The modifications are not immediately apparent unless you try to search Google for something, using either the Search Box or the Address Bar: Instead of sending your search to Google, the browser submits search queries to one of six different domains not owned by Google, but which appear to use the Google API to provide results -- and, presumably, earn a little ad revenue on the side.

The modifications add a file named user.js to the currently logged-in user's Firefox profile. The presence of a file by this name is not necessarily an indication of an infection, but in this case, the user.js file contains the instructions that tell the browser where it should submit searches when you have Google set as the default engine to use in the Search Bar's dropdown menu. [...]

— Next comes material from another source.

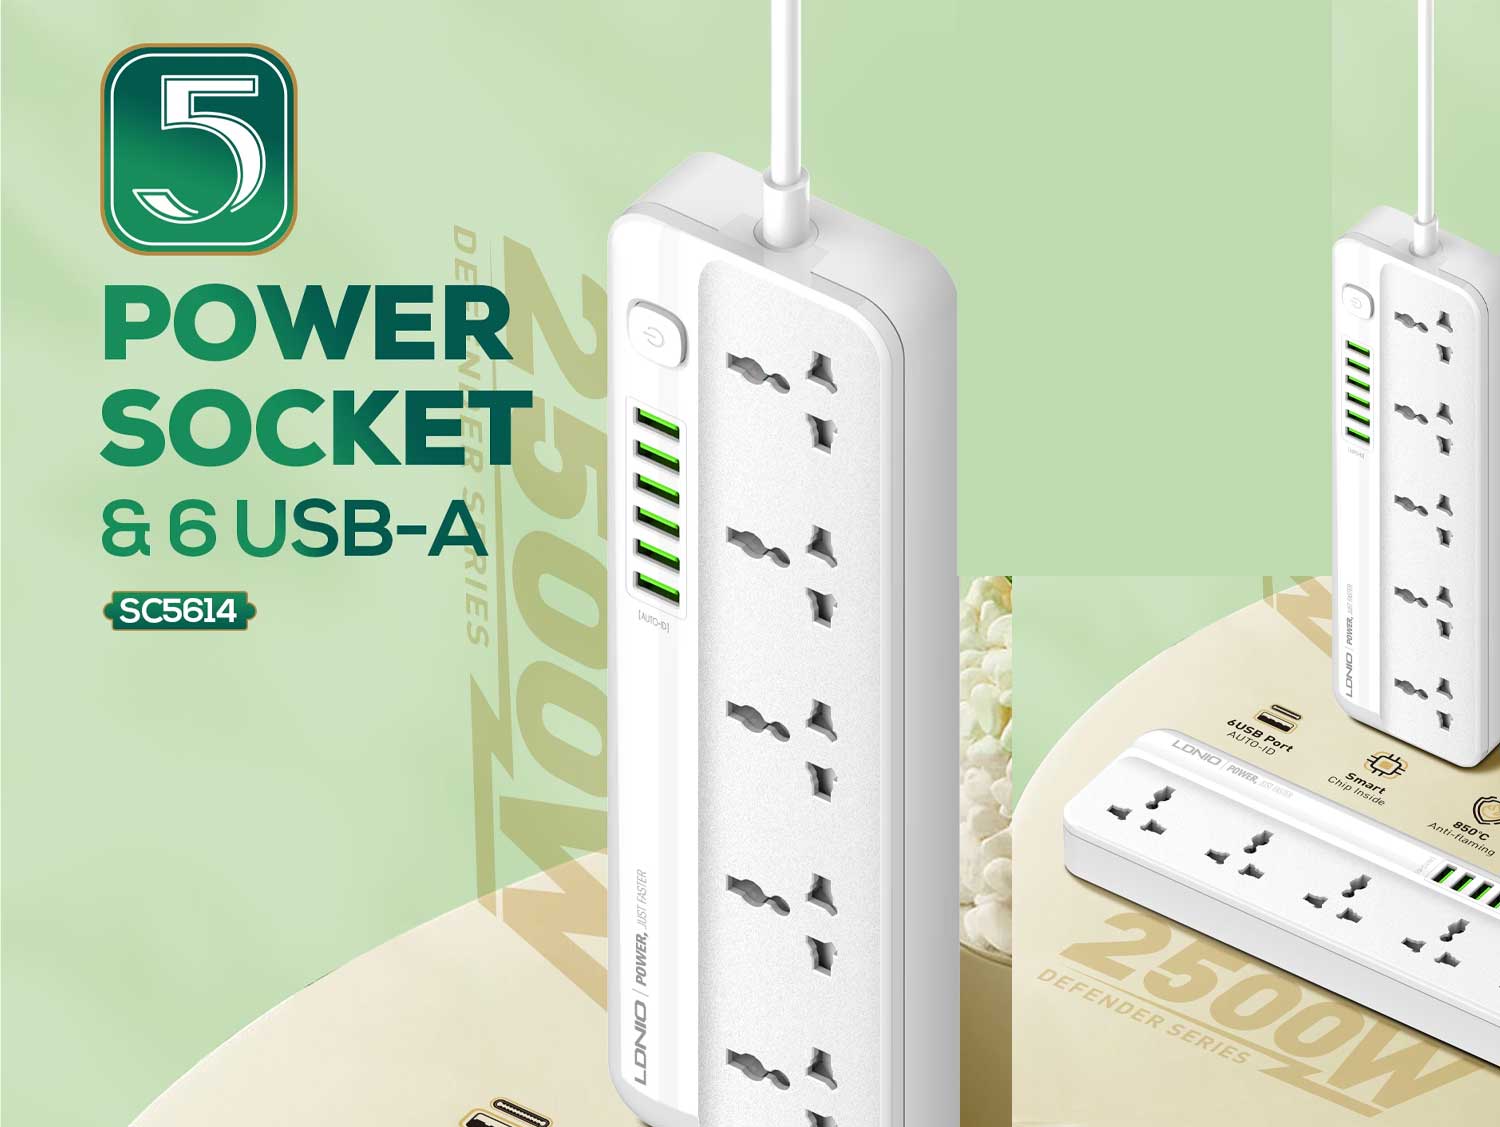 LDNIO SC5614 Power Strip Surge Protector with 5 AC Outlets + 6 USB Extension Power Cord

We remove the components and block the domains and their related IP addresses, but if you're infected with this thing, it's easy enough to get rid of manually: Just install Firefox over the top of itself, and the installer will replace the modified files with the originals. If you open up your user.js file and see anything resembling this screenshot, just delete that user.js file. The malware won't reinfect your machine, so this is the easiest way to clear up the hijack.